Von: C umali Yagmur/Hannover
Während sich die Politik in Deutschland auf eine kritische Abstimmung vorbereitet, die die Zukunft der Sicherheitspolitik prägen wird, verließen Schüler an hunderten Schulen im ganzen Land den Unterricht und gingen auf die Straße.
Auch in Hannover gingen Schüler auf die Straße und protestierten gegen die Wehrpflicht.
Das Bündnis „Hannover gegen Wehrpflicht“ rief zu einem „Schulstreik gegen die Wehrpflicht“ auf. Etwa 1.700 Jugendliche folgten diesem Aufruf und demonstrierten in der Innenstadt.
Am Tag, an dem der Bundestag die Modernisierung des Wehrdienstes billigte, versammelten sich rund 1.700 Jugendliche vor dem Hauptbahnhof Hannover – direkt neben dem Weihnachtsdorf – und protestierten gegen das neue Gesetz. Kurz nach 14:00 Uhr setzten sich die Streikenden in Bewegung und zogen etwa eine Stunde lang durch die Hannoveraner Innenstadt. Nach Angaben der Polizei verlief die Demonstration friedlich.
Die Redner Jonathan und Laurenz hätten eigentlich heute Mittag in der Schule sein müssen. Die beiden 17-Jährigen besuchen die zwölfte Klasse des Gymnasiums Limmer. Doch der Streik war ihnen wichtiger. „Ich bin Jahrgang 2008, das betrifft mich direkt“, sagt Laurenz. „Ich sehe es nicht ein, für Dinge zu sterben, hinter denen ich nicht stehe.“ Der Jugendliche hält einen Flyer zur Beratung für Kriegsdienstverweigerer in der Hand. „Ich werde zum nächsten Termin gehen“, sagt er.
Das Bündnis „Nein zur Wehrpflicht“ hatte an etwa 20 Schulen in Hannover um Unterstützung für den Schulstreik geworben. Hannover ist einer von dutzenden Orten im ganzen Land, an denen „Schulstreiks gegen die Wehrpflicht“ angekündigt wurden. Dennis Schlichting vom Hannoveraner Ableger sagt, der Protest richte sich auch gegen die „geplanten ersten Schritte“ des neuen Gesetzes.
Bundeskanzler Friedrich Merz (CDU, unten rechts) gibt bei der namentlichen Abstimmung im Bundestag über das neue Wehrdienstgesetz seine Stimmkarte ab.
Die Modernisierung des Wehrdienstes sieht vor allem eine Verstärkung der Bundeswehr durch Freiwillige vor. Der Wehrdienst soll mindestens sechs Monate dauern und mit mindestens 2.600 Euro brutto monatlich vergütet werden.
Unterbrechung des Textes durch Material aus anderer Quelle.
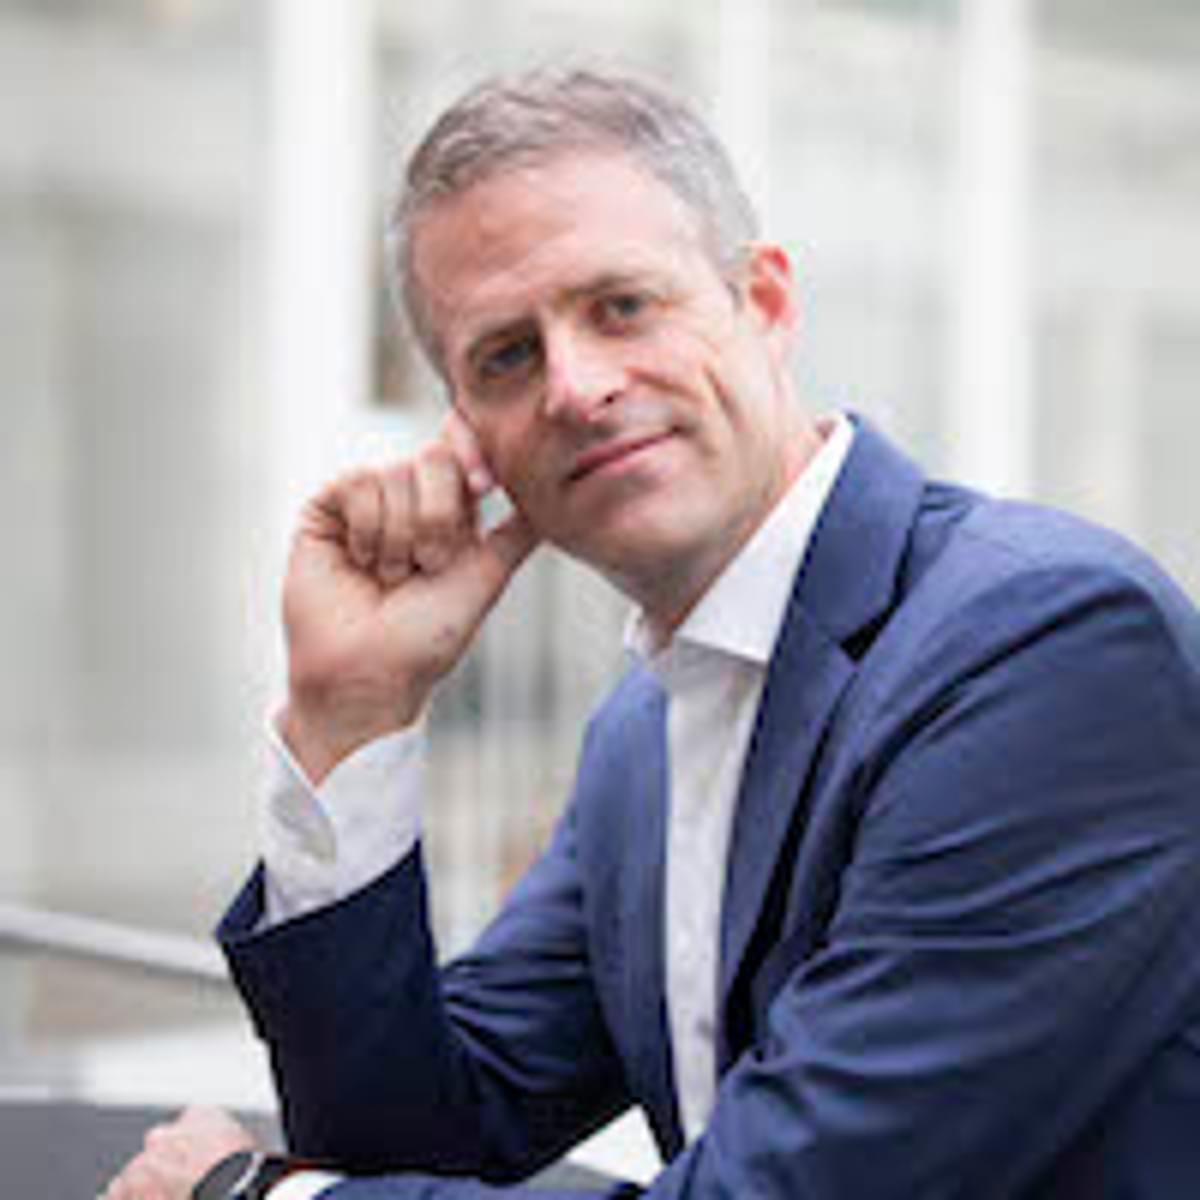 John Reynders benoemd tot Country Director Netherlands bij Visma image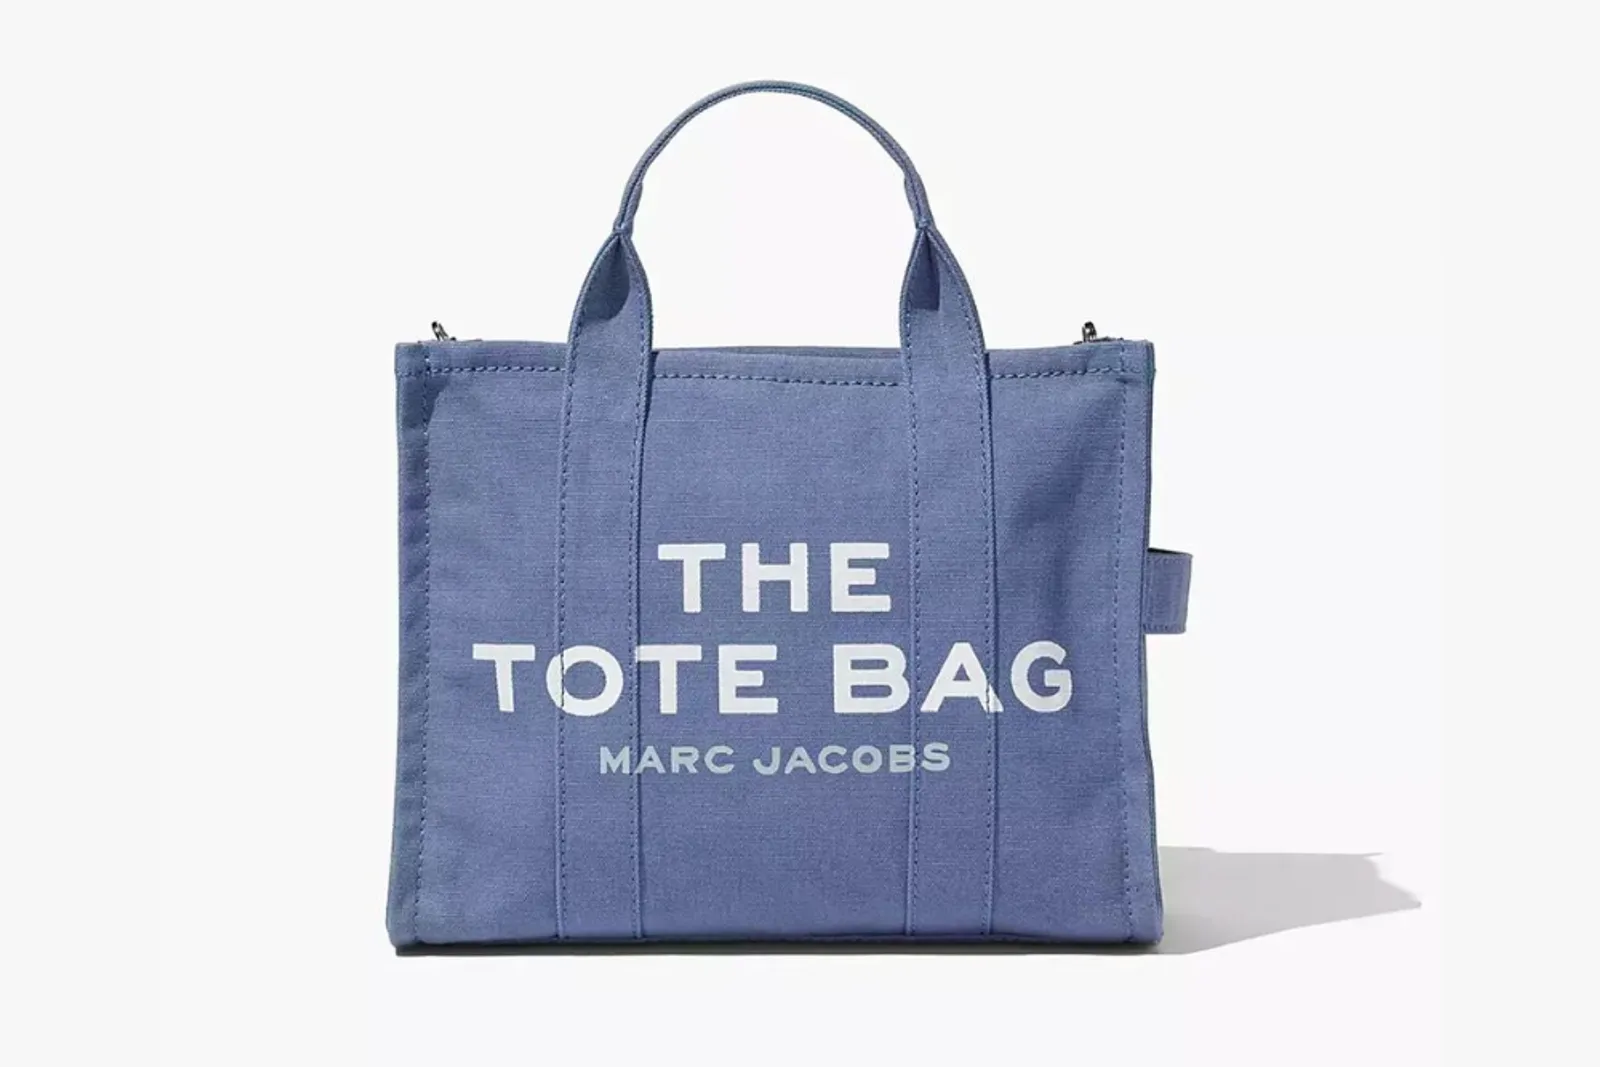 Tote Bag Kanvas Terbaik yang Membuatmu Tampil Fashionable

Ab dem 1. Januar ist es für 18-jährige Männer verpflichtend, in einem Fragebogen anzugeben, ob sie den Wehrdienst leisten wollen und ob sie sich dafür geeignet halten. Frauen können den Fragebogen ausfüllen, müssen aber nicht. Zudem wird die Musterung für junge Männer wieder verpflichtend.
Wenn sich auf diesem Weg jedoch nicht genügend Freiwillige finden, kann der Bundestag eine „bedarfsorientierte Wehrpflicht“ beschließen. Schlichting sagt: „Wir gehen davon aus, dass die Freiwilligkeit nicht ausreichen wird und eine Verpflichtung kommen wird.“
Auch Studenten schlossen sich dem Demonstration an, um Solidarität zu zeigen.
Die Protestform in Anlehnung an die Klimabewegung wurde bewusst gewählt. Bündnissprecher Schlichting sagt: „Was ist schon ein Tag Schule gegen ein halbes Jahr Zwangsdienst?“ Auch wenn der Streik in Hannover erst gegen Mittag begann, gingen Jugendliche in anderen Städten teils deutlich früher auf die Straße, in Göttingen beispielsweise schon vor 11 Uhr. Schlichting sagt: „Das war erst der Anfang.“ Für Anfang März sei der nächste bundesweite Streik geplant.
Während des Demonstration wurden Parolen wie „Hoch die internationale Solidarität“ und Grüße an das palästinensische Volk laut.
Der Demonstration verlief sehr ruhig und alle gingen ohne Zwischenfälle nach Hause.